Merv isn’t just an ancient city along the historical Silk Road in what is now known as Turkmenistan. Minimum Efficiency Reporting Values, or MERVs, are the measure of an air filter’s ability to capture large particles found in the air, such as dirt, dust, allergens and debris, and prevent them from entering your vents. The scale rates different types of air filters on a scale from 1-16, with one being the lowest possible MERV ranking, indicating less than 20% efficiency on even the largest particles. In comparison, a rank of 16 means the filter is greater than 75% effective against even the smallest of air particles. These highly effective filters can trap debris in the air as small as 0.3 microns. For reference, the average dust particle found in the air is anywhere from 1-100 microns, while some viruses transferred through the air are as small as .01 microns.

Some of the most common filters found in residential use only have a MERV rating of 1-4. These are typically disposable panel-type filters and will not stop particles smaller than 10 microns.

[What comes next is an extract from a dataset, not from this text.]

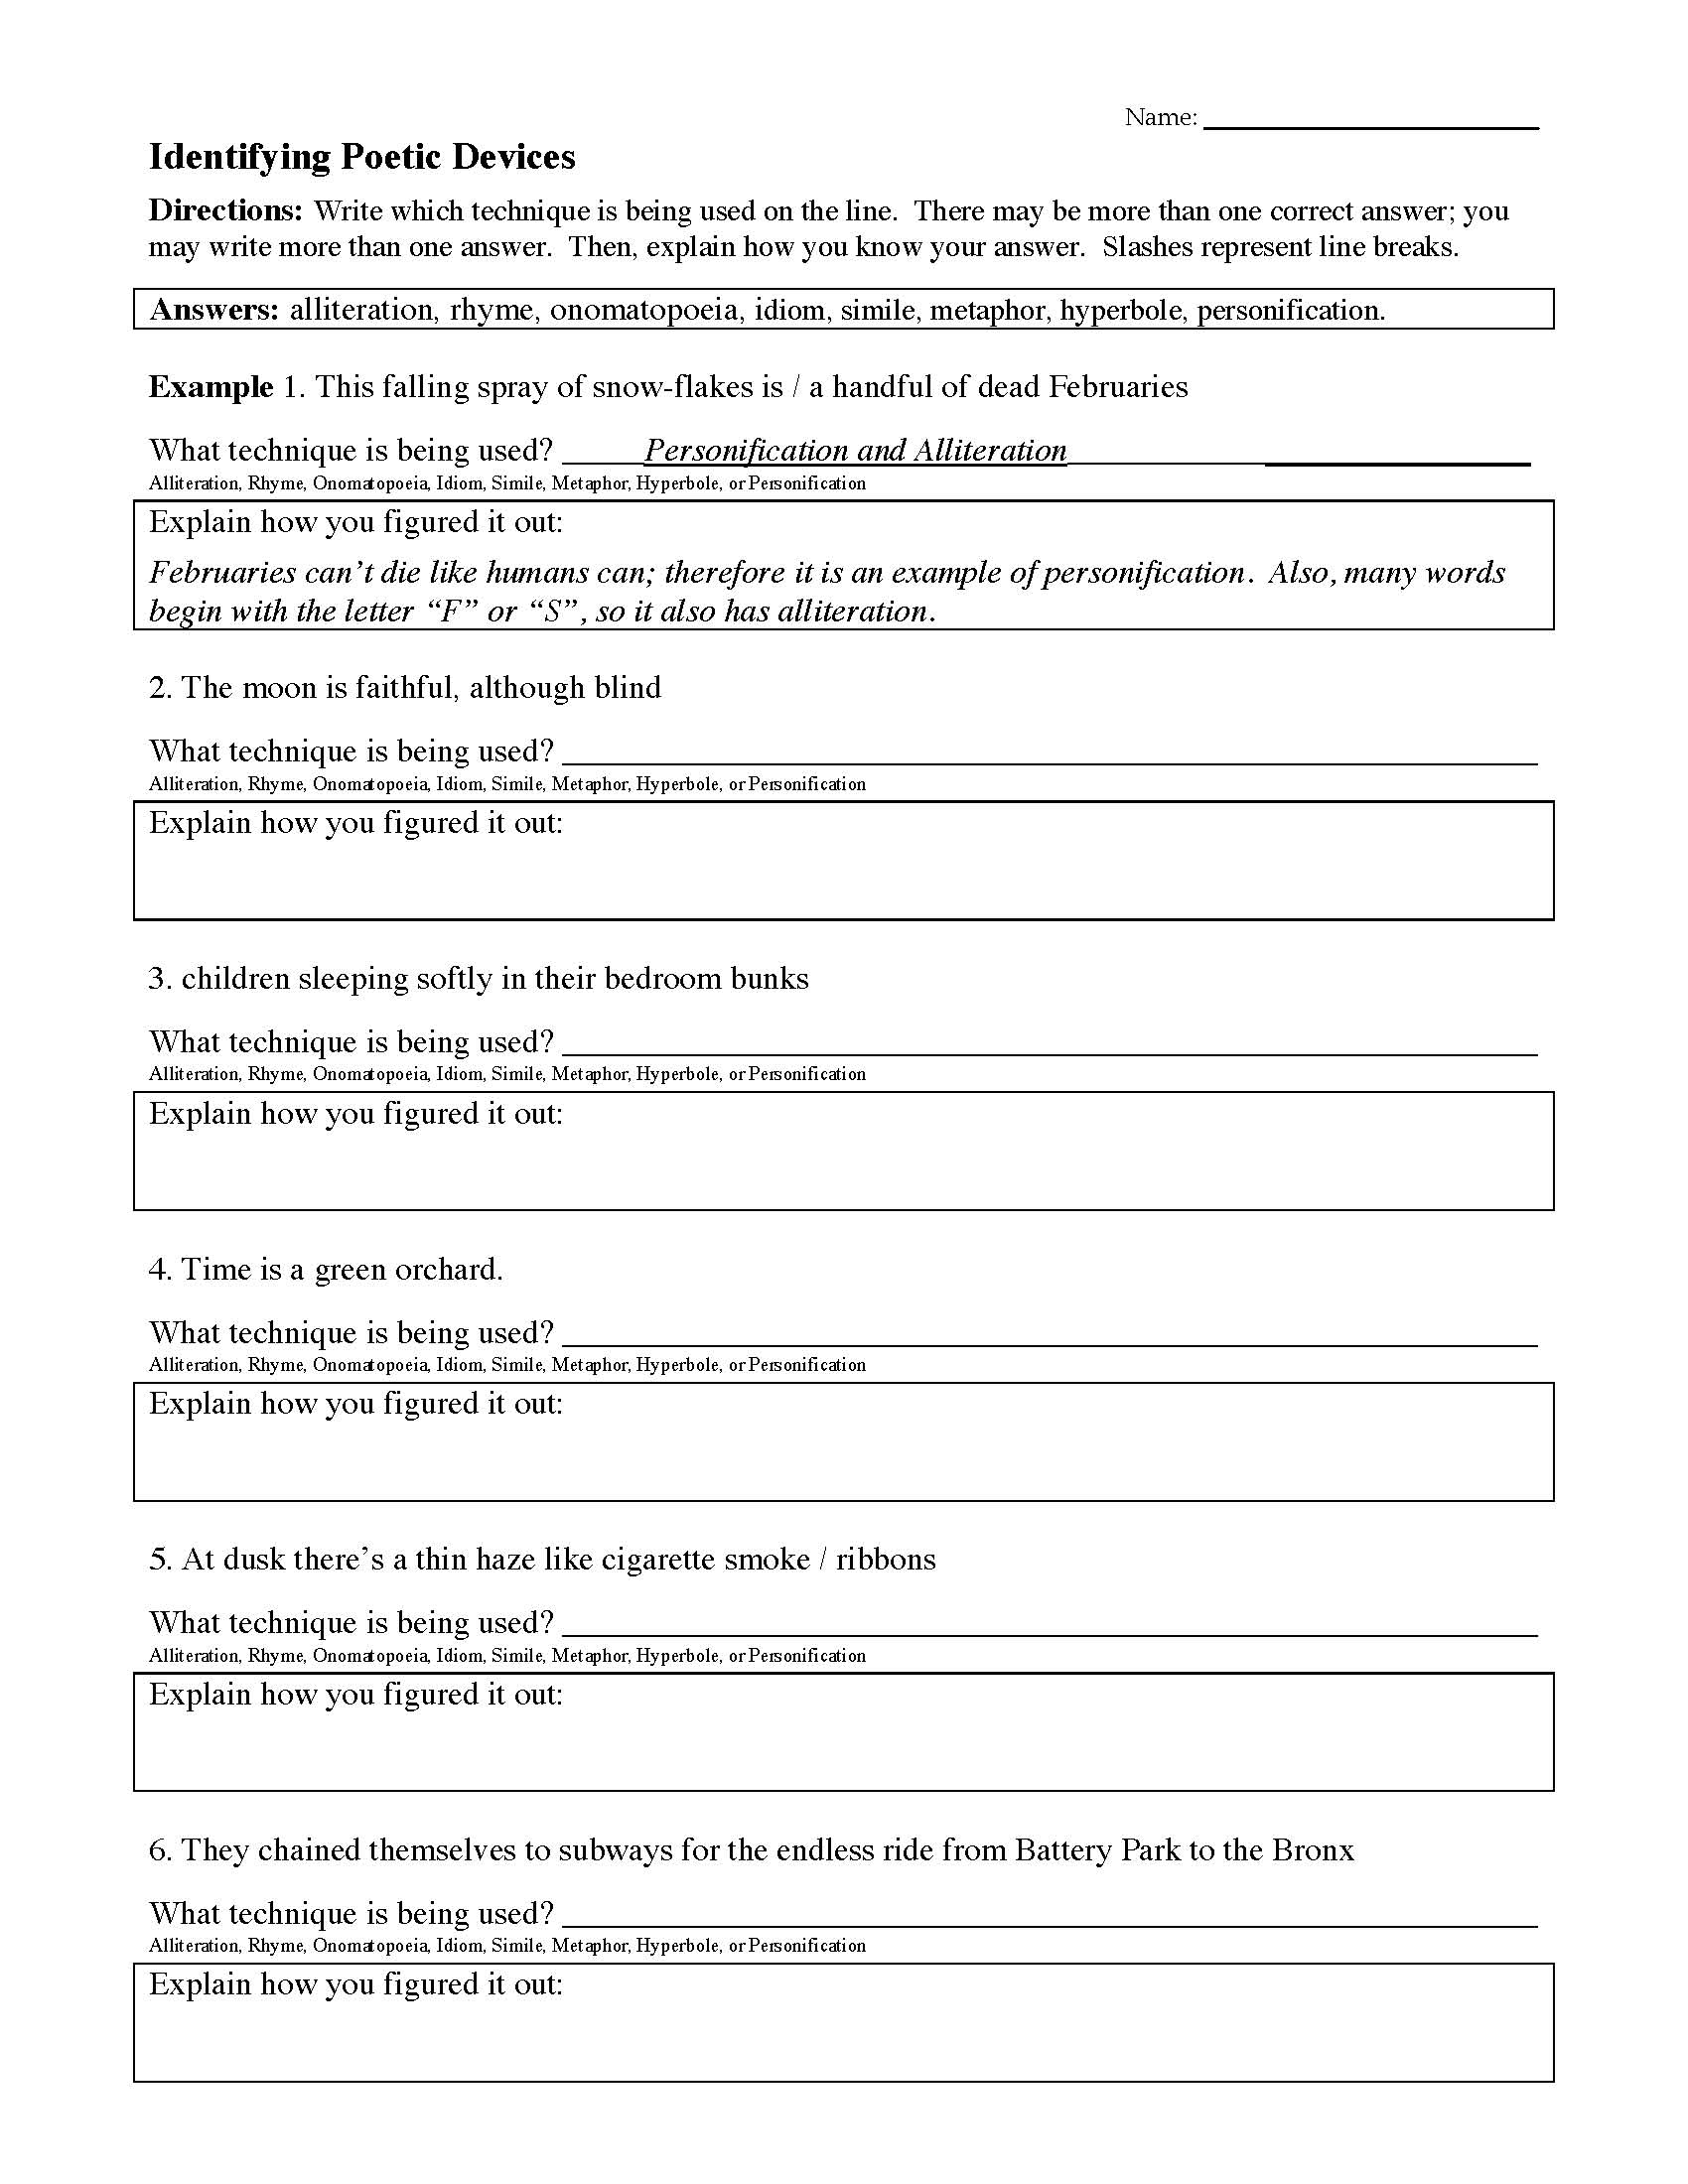 poetic-devices-worksheet-literature-worksheets-a-package-of-11-task-cards-on-poetic-sound

This is acceptable for homes, but not for commercial or industrial use.

MERV 5-8-rated filters are a more common and better choice in commercial applications. These filters will collect particles as small as three microns. Filters with a MERV rating of 9-12 will stop particles between 1-3 microns. When it comes to schools, specifically, the Ohio School Design Manual requires education buildings to have air filters with a MERV of at least 13. This is why SHP almost exclusively uses filters with a rating of 13-16.

Any of these filters are a great choice when indoor air quality is of the highest importance. Like any part of your HVAC system, air filters of any kind must be changed regularly and checked often.